Asian stock market went higher on Friday as the market is looking to end this week in gains.U.S. stock market ended mixed on Thursday night as Jobless claims data disappointed to act as a damper in early U.S. trading, but the upbeat Philadelphia Fed survey for June provided support for the stock market. U.S. and European futures drifted Friday ahead of the quadruple witching day on Wall Street. Treasuries were flat while crude oil rose, with West Texas Intermediate climbing past $39 a barrel.
USD went higher in this mixed market sentiment. The weekly jobless claims in the U.S. remained above the one million benchmarked in the past week, although it reported fewer job losses than previous weeks. In the same time, the Philadelphia Fed survey for the June business outlook rebounded way more than expected — 27 rather than the minus 21 read that was forecast. That signals the U.S. leading indicator can extend its resurgence, given the strong relationship between the two. As the market becomes pickier with economic data, USD could see some upside as the recovery might need longer than expected.
Copper prices edged higher as PBOC governor’s reassurance that the economic fundamentals remain sound and that the Chinese government will keep liquidity ample in the second half of the year lifted the market risk sentiment.
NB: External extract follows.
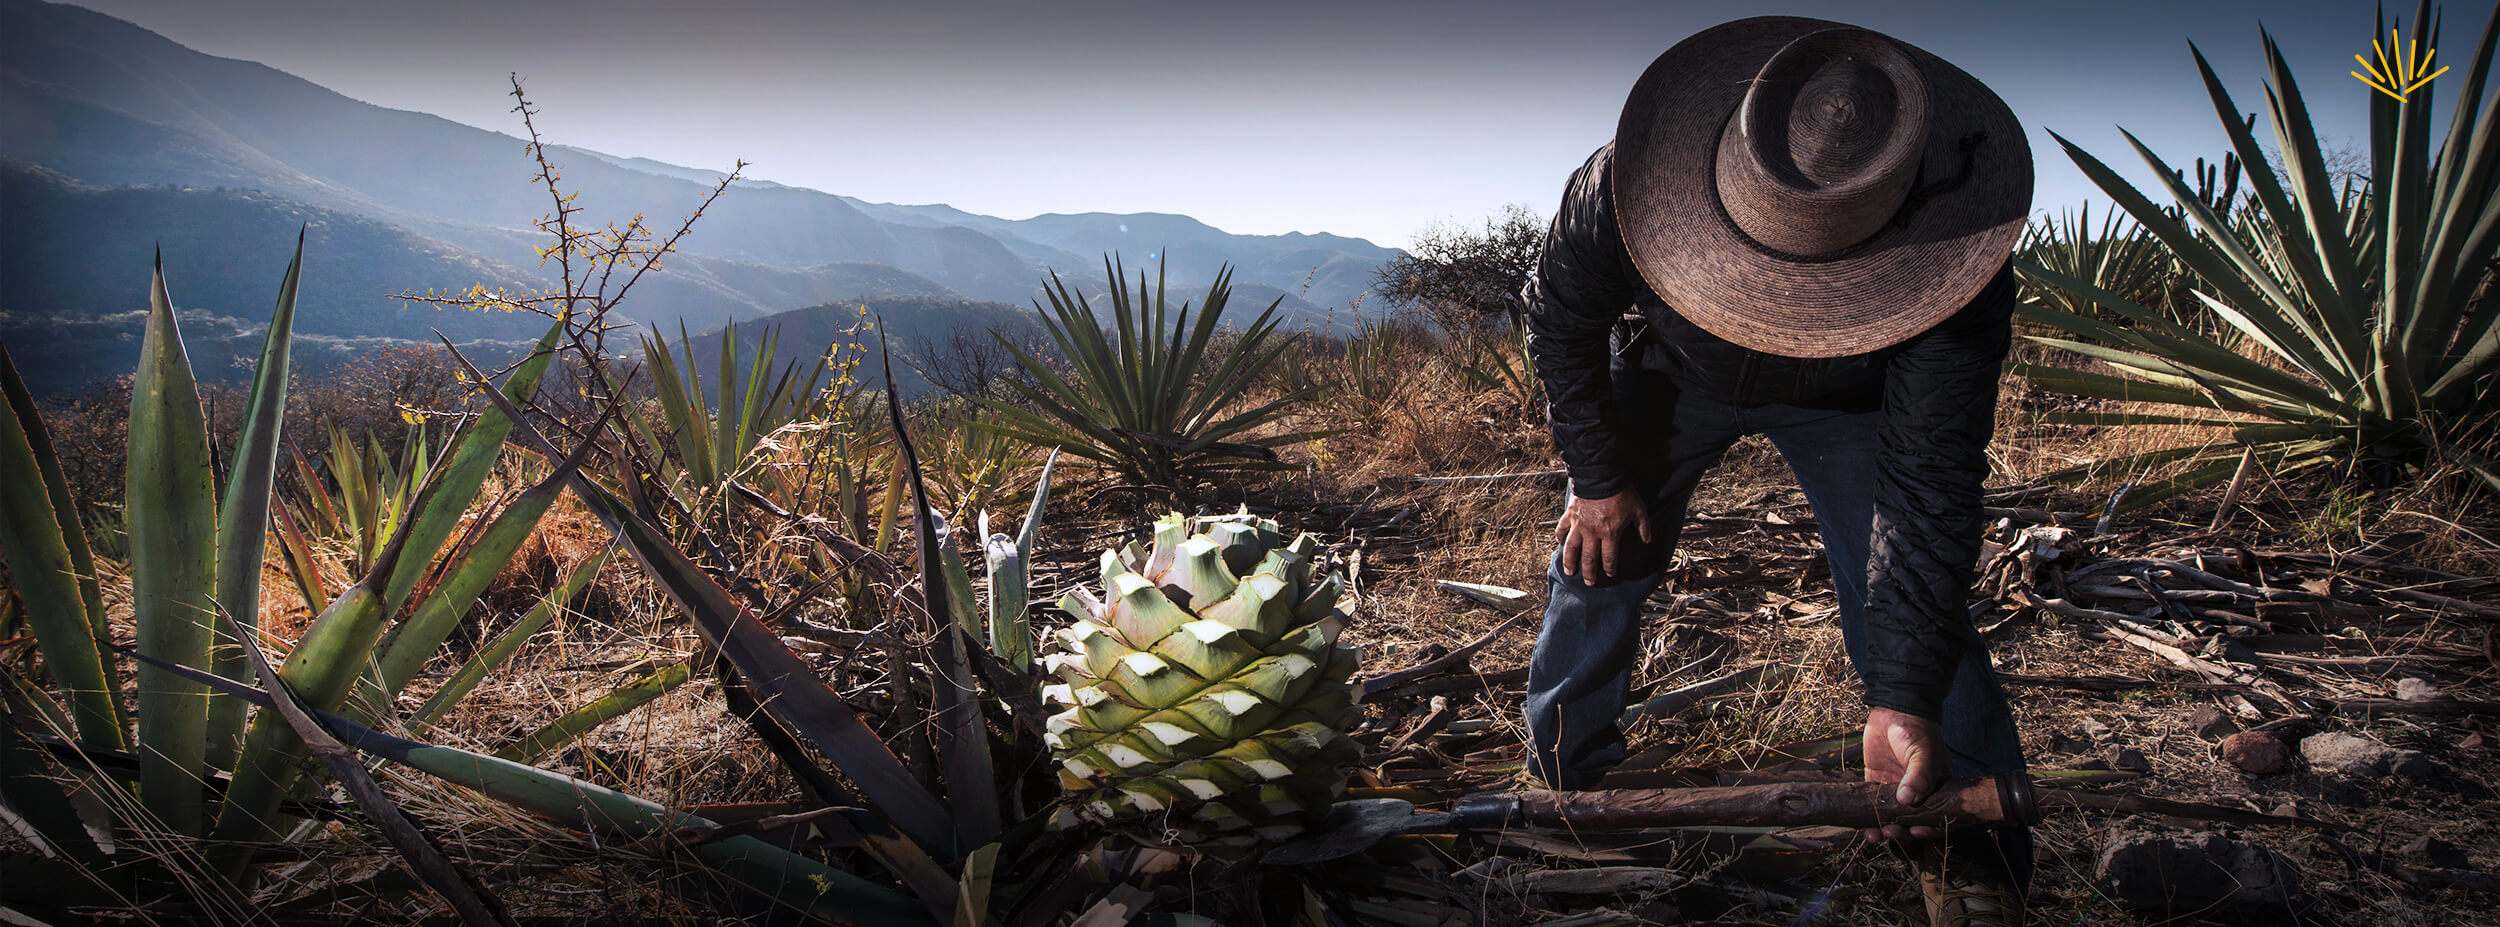 Mezcal, one of the world’s most complex distillates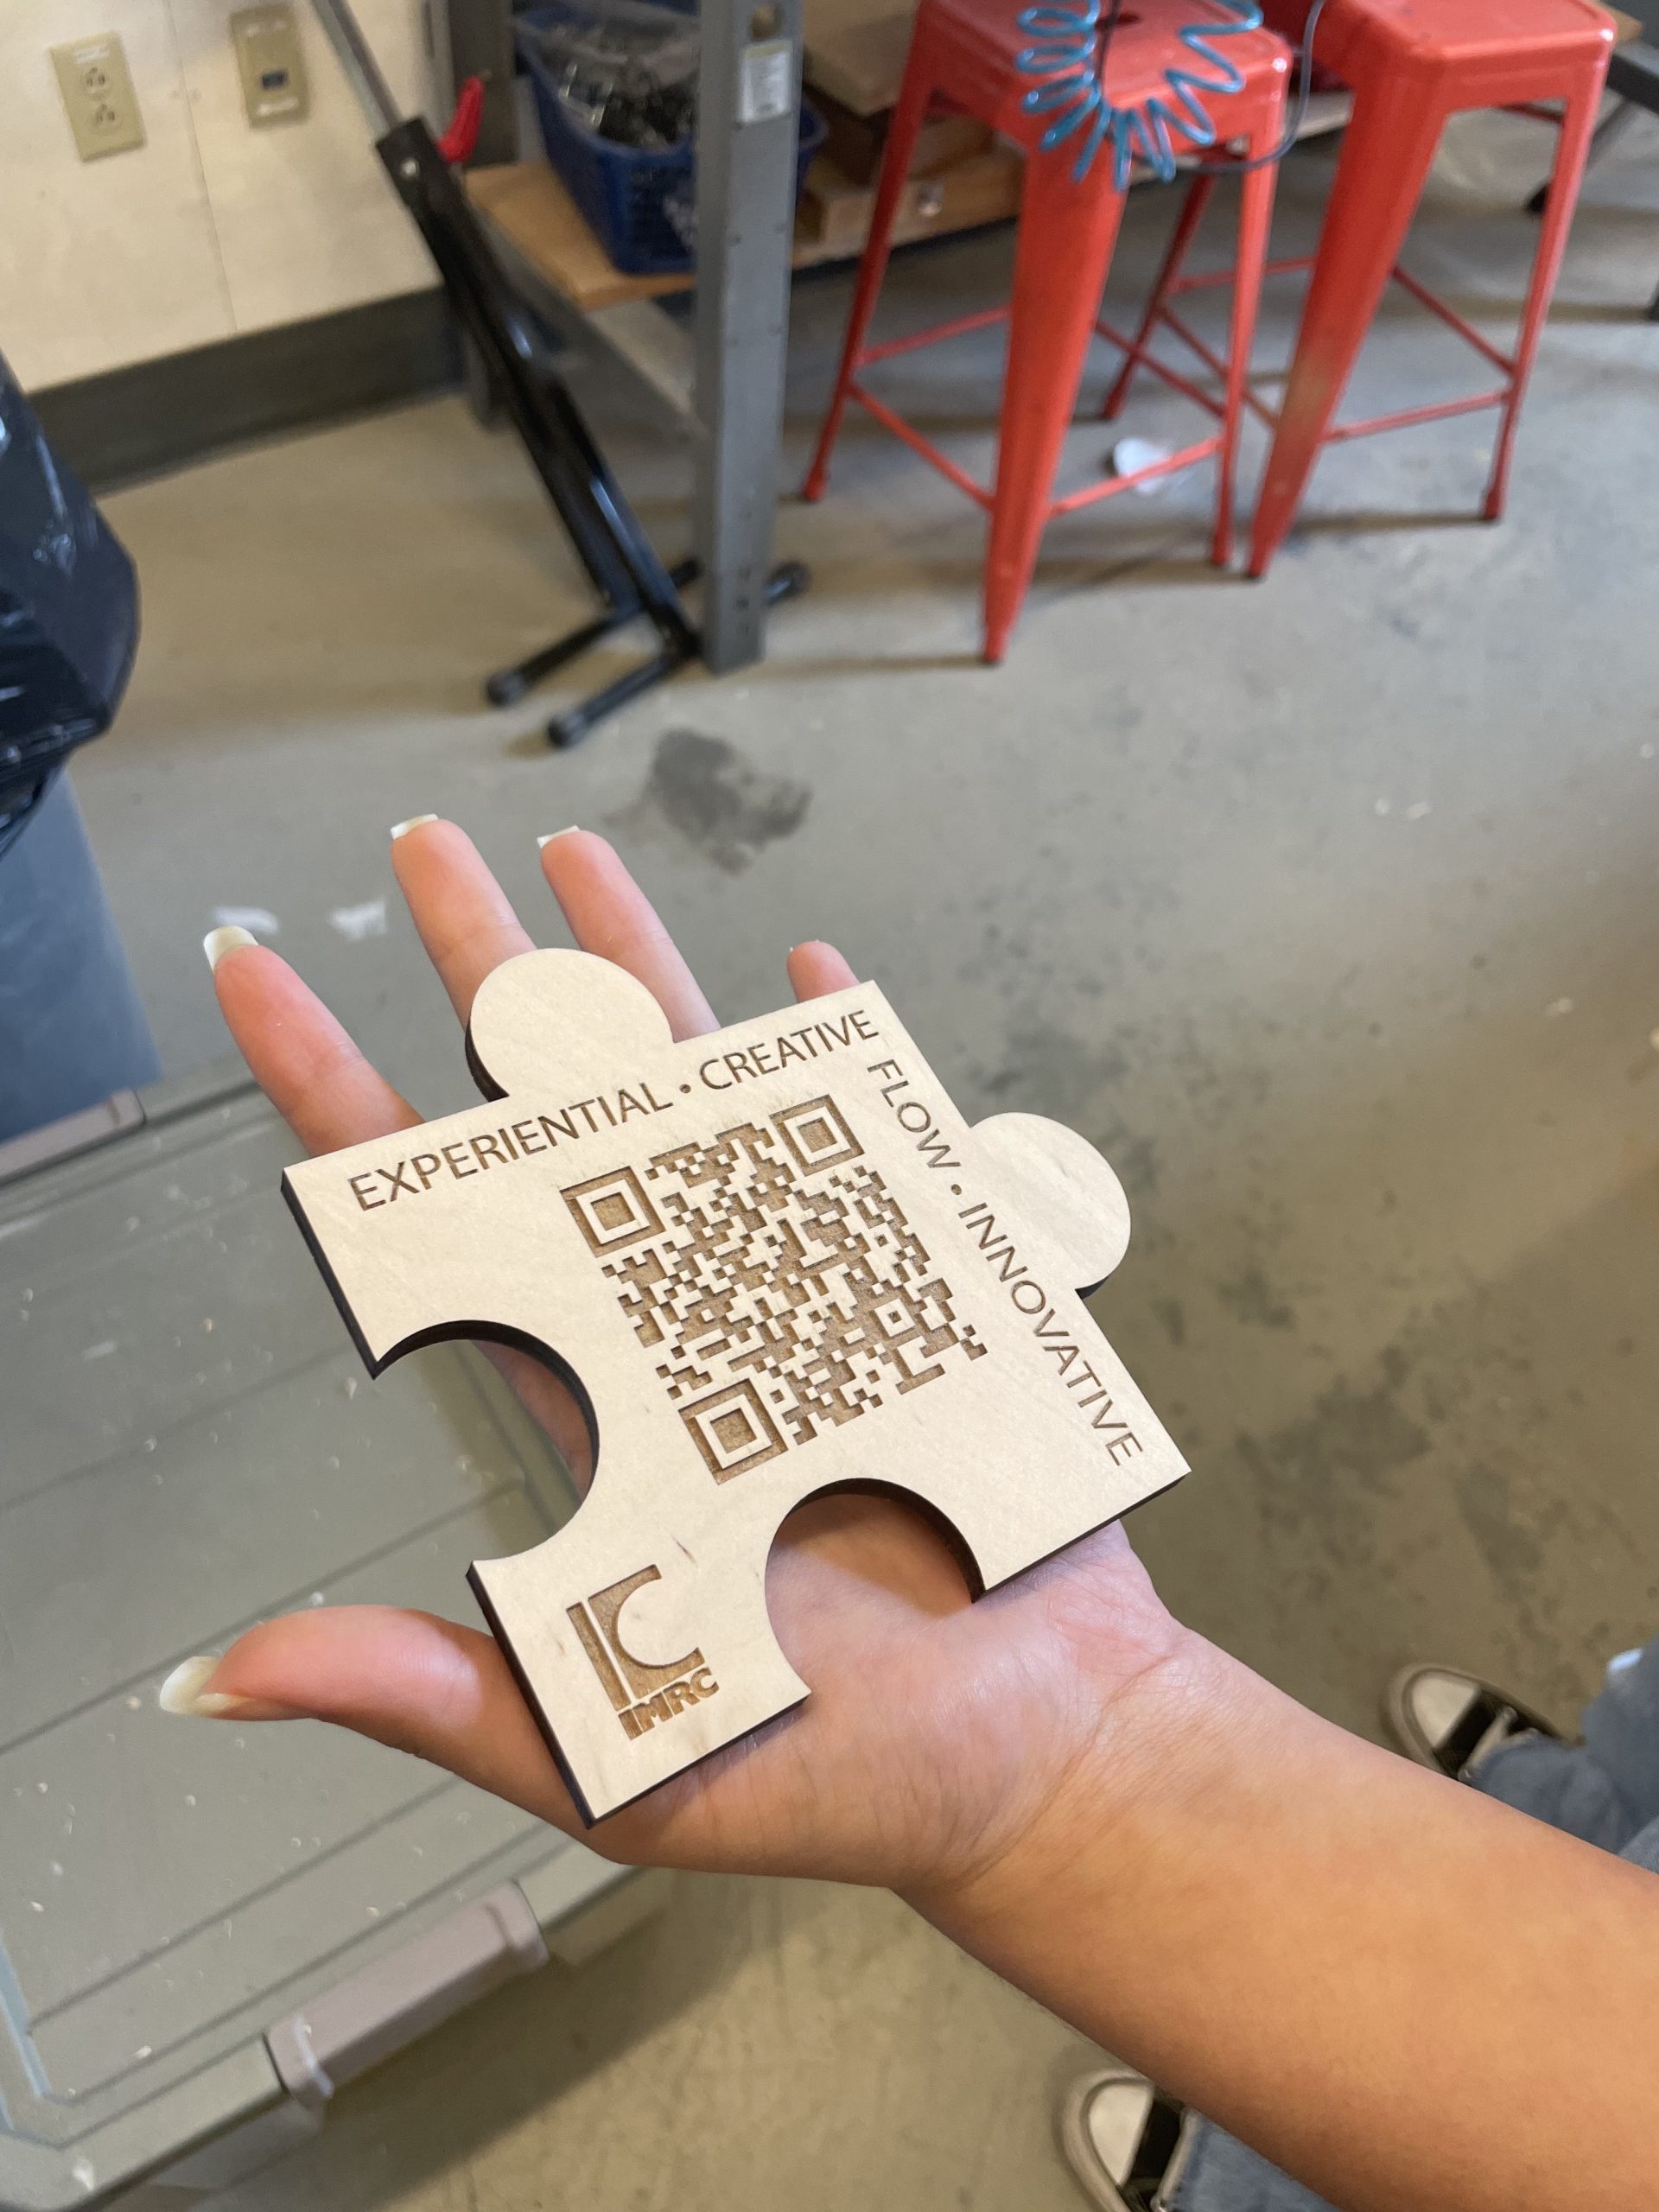 QR Code for IMRC Center and IMRC Center logo cut into wood puzzle pieces by the IMRC Center Universal Laser

Elsewhere, concerns over the risks of a second wave of Covid-19 infection limited the upside in prices.
Gold prices traded sideways as concerns of a second wave of Covid-19 infections which buoyed demand for the precious metal was countered by a stronger dollar and optimism for a swift economic recovery. Meanwhile, a surge in the number of new Covid-19 cases in the US along with travel curbs implemented by Beijing as they battle a second wave of virus infections limit the downside of the precious metal.
On the last trading day for this week, oil looks set to resume its upwards run on signs that consumption is picking up within economies that are emerging from their lockdowns. However, the rise could well be limited as a resurgence of the virus in Beijing is clouding the long-term outlook. How a major economy like Beijing deals with the 2nd wave and its consumption of oil will likely reflect other economies should they be hit with the 2nd wave as well. In line with the end of the week upwards push for oil, the CAD further strengthened as well.
Technical & Trade views
USDCAD (Intraday bias: bearish below 1.3621)
We turned bearish as price is approaching 1st resistance where the 61.8% fib retracement and horizontal swing high are. Price is likely to reverse off the level towards 1st support where the 61.8% fib extension is.
UKOIL (Intraday bias: bullish above 41.66)
Oil price broke above triangle formation to the upside. With price holding above moving average and MACD above 0, in bullish territory, a further push up above 1st support at 41.66 towards 1st resistance at 42.74 is expected.
XAUUSD ( Intraday bias: Bearish below 1733.136)
Price is facing bearish pressure from our resistance, in line with our descending trend line, 78.6% fibonacci retracement and 78.6% fibonacci extension, where we could see a further drop to our first support level, in line with our 61.8% fibonacci retracement and horizontal overlap support. Stochastic is facing bearish pressure from our resistance as well.
XCUUSD ( Intraday bias: bearish below 2.62375)Price is facing bearish pressure from our resistance at 2.62375 in line with our horizontal swing high resistance, 127.2% fibonacci extension and 50% fibonacci retracement where we remain bearish below this level and could see a further drop to our first support level, in line with our horizontal swing low support and 100% fibonacci extension. Stochastic is facing bearish pressure from our resistance as well.